The Principle of Common But Differentiated Responsibilities in the International Climate Change Legal Framework : Background, New Developments and Challenges of the Principe of Common But Differentiated Responsibilities in the Climate Regime
The Principle of Common but Differentiated Responsibilities (hereinafter referred to as CBDR) is one of the most effective principles in the international environmental law legal regime. It entails two elements: common responsibility and differentiated responsibility. Common responsibility describes the shared obligations of two or more States towards the protection of a particular environmental resource. Differentiated responsibility entails the need to take into account the different circumstances, particularly each State’s contribution to the evolution of a particular problem and its ability to prevent, reduce and control the threat.

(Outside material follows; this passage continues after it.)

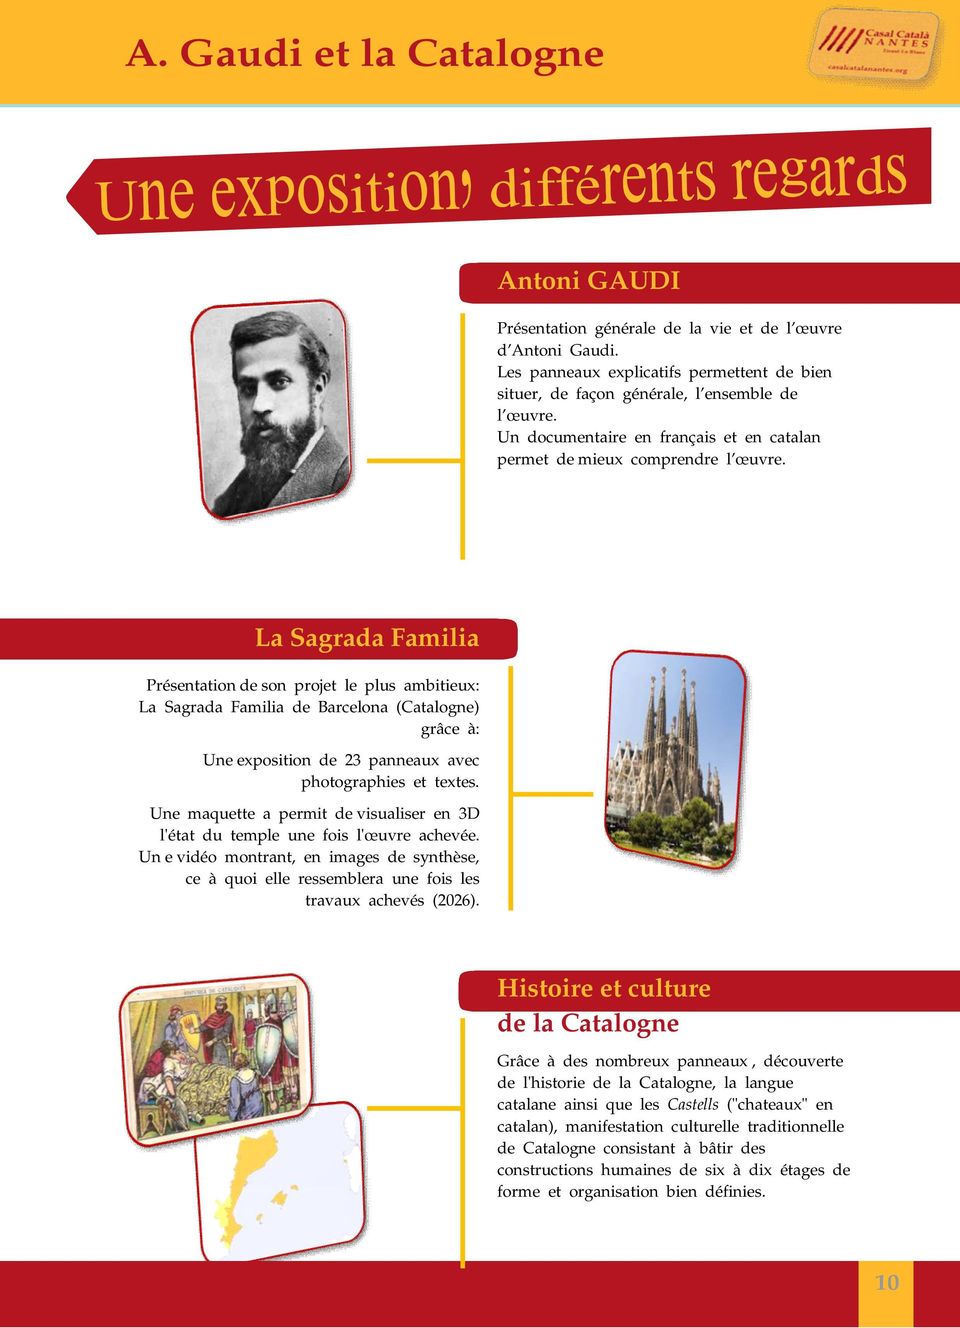 La Sagrada Familia Présentation de son projet le plus ambitieux: La Sagrada Familia de Barcelona (Catalogne) grâce à: Une exposition de 23 panneaux avec photographies et textes.

CBDR in the climate regime incorporates perspectives on states’ historical contributions to global environmental degradation and incorporates fairness and justice elements to be taken into account when devising relevant legal commitments. The rationale for CBDR in the climate regime is that owing to the fact that industrial countries bear the overwhelming responsibility for historical GHG emissions they should bear the primary burden of averting climate change. Accordingly, under the climate regime, developed country parties are required to take up mitigation commitments and targets. While developing countries are exempted from such commitments. This study established that non-participation of developing countries in the climate mitigation effort on the basis of CBDR is the main challenge of CBDR in the climate regime. The thesis therefore makes a case for global participation in the climate mitigation effort.